I need a pin in my upper arm. The situation is so urgent that they wanted to operate the next day. I told them that I wasn't going to do this before Christmas. So, I will be going in on the 30th of December. It feels like I am back where I started. The result of these meetings is that it has renewed our anxiety concerning the status of my health. Why did this patch grow so fast?
Why does my whole body hurt? Are my organs still OK? Am I moving towards a new fase? Where will things end up with regards to my mobility? I am starting to become the bionic woman. My mother and Marcus have been here with me, but the stress has hit them too.

Here's a picture which illustrates how they are canalizing their frustration by making beanies.
Well, I am going to celebrate Christmas first. Last night Kiara had her Christmas celebration with school. Paula and Bo came by and we had goodies afterwards. The next couple of days, Kiara and I will be staying at Marc's place and we will be going to our parents to celebrate. Kiara will be going to her dad's place afterwards, and I will be in the hospital on new years eve.

I am scared about the pain, my mobility but most of all, I am scared about complications. I hope that in January, I will be able to live to the fullest again.
And I really hope that I will still be able to pick up my art again.






14 December 2008

I'm OK I guess

The surgery of my hand seems to have went OK. The pain in my shoulders is much worse, so this is easy to deal with. I do notice that the effect of the operation is getting tougher as I move along. I have seen enough hospitals, really. Marcus spent the whole weekend with me as well as Collin and Sidney. It's so nice to have someone to help you out when you feel this vulnerable. Tonight Marcus and I are off to do something really nice! We are going to see Dionne Warwick at the RAI in Amsterdam. I loved her singing since I was about 10 years old.
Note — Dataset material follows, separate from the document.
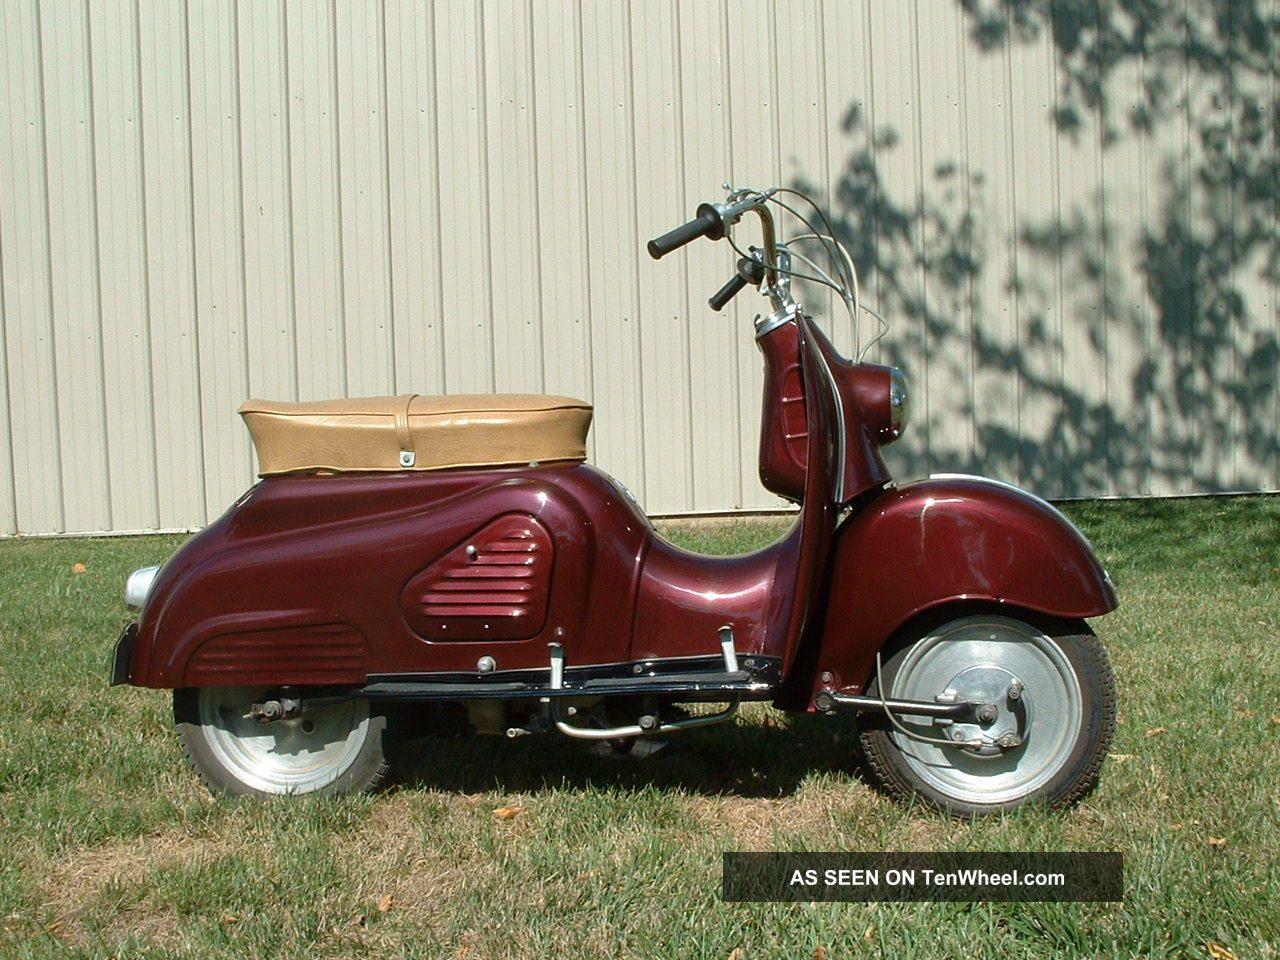 1957 Zundapp Bella R153 Other Makes photo

Speaking of all those years that have passed, in the last couple of months I have found many friends from the past on the internet, like my friends from ACST, in Tunis and from Rosemead in Littlehampton. It has been a wonderful source of happiness for me to find all those lost friends again. Thank goodness for the internet! (FB, Hyves, and Friends Reunited). Welcome to my weblog and I hope to be able to meet you all in the time to come!

Tomorrow I am back in the hospital to get an assesment on my humerus.
I refuse to go back into surgery before the end of the year, so I wonder what Jiya has to say.

12 December 2008

Surgery again

The Morbus de Quervain is being treated. This time I get to go to the hospital in Hilversum. I haven't been on here much lately because I simply haven't been able to work on the computer due to pain. So here's a short note to inform you what I am doing.
The scare I had after the last treatment which had me going to the first aid department the day after my last treatment, was not a scare. I have to deal with the situation again that after telling people what is wrong and seeing the right doctors, now suddenly after 7 weeks they are rushing me to the specialist because, OMG....you might end up breaking your arm! Anyway, the tumor in the arm has caused the bone to become thin and brittle. That is precisely what I told them 7 weeks ago. I literally said that I was scared that my bone was going to break and explained why I thought so. They checked and told me everything was OK. Nobody said that I needed to go back to my specialist. I asked for the scans myself, and now suddenly they want to rush me in there and have made it is possible to see Dr. Jiya within 4 days (including the weekend). So, monday I will be going in to find out what needs to be done about the Humerus. For now...I will concentrate on today's surgery of the tendon of my thumb. I can deal with that, there is no cancer involved!